Ongoing works

The Chesapeake Bay, the largest estuary in the United States, faces significant water quality challenges due to non-point source pollution from urban and agricultural areas. Nutrient runoff, sediment, and other pollutants have degraded the bay’s ecosystem, prompting the U.S. Environmental Protection Agency (EPA) to establish the most extensive Total Maximum Daily Load (TMDL) in its history, targeting reductions in nitrogen, phosphorus, and sediment. As population growth and climate change intensify these pressures, innovative solutions are needed to manage competing land-use priorities sustainably.

This study leverages the Soil and Water Assessment Tool (SWAT) to simulate the impacts of land use and climate change scenarios on water quality in the Susquehanna River Basin, the largest tributary to the Chesapeake Bay watershed. Three scenarios—projected land use, projected climate, and their combined impacts—are modeled to evaluate the effectiveness of Best Management Practices (BMPs) in reducing runoff, sediment, nitrogen, and phosphorus loads. Agricultural BMPs include cover crops and buffer strips, while the urban BMPs include Low Impact Development (LID) strategies such as rain gardens and bioretention cells at a watershed scale.
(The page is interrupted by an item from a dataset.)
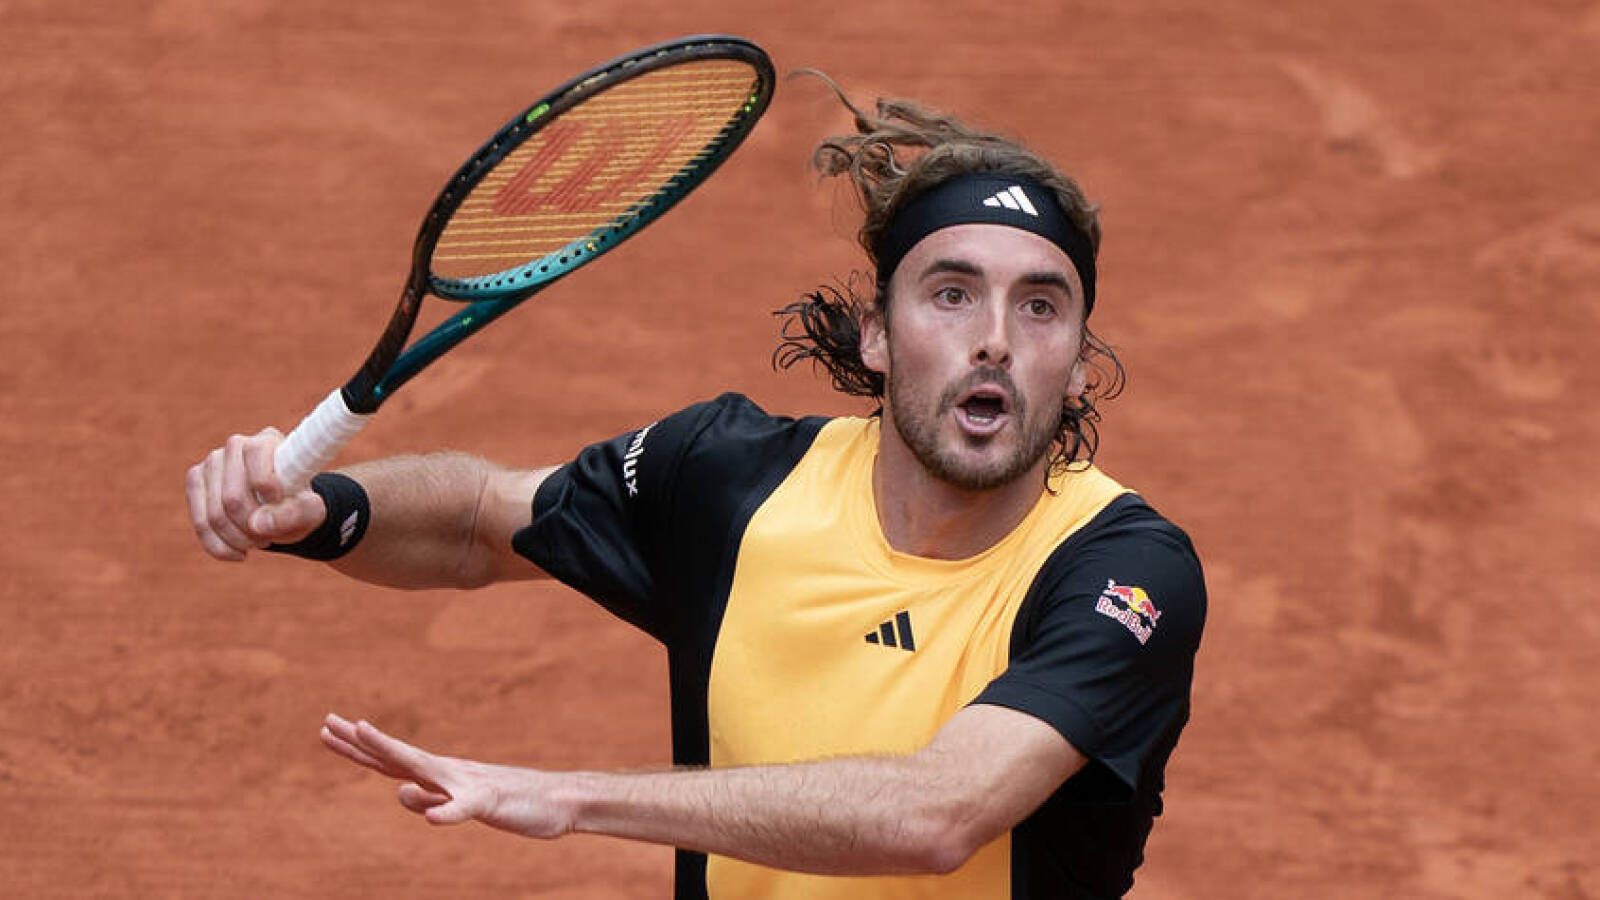 Stefano Tsitsipas’ 4-Set Comeback French Open Victory Books Exciting Revenge Match With Spanish Superstar

Preliminary findings suggest that urban expansion will significantly increase phosphorus and sediment loads, while agricultural lands will continue to dominate nitrogen contributions. Climate change, with more frequent and intense storm events, poses additional challenges by reducing BMP effectiveness, particularly in urban areas. Despite these limitations, urban LID strategies show promise in mitigating pollution in highly developed areas, while agricultural BMPs remain critical for addressing watershed-scale nutrient loads.

This research provides actionable insights into BMP performance under future scenarios, highlighting the importance of integrating agricultural and urban management practices to achieve sustainable water quality improvements. Additionally, the study’s focus on the SRB serves as a model for understanding and managing water quality in integrated landscapes that balance the needs of agriculture, urban development, and ecosystem health.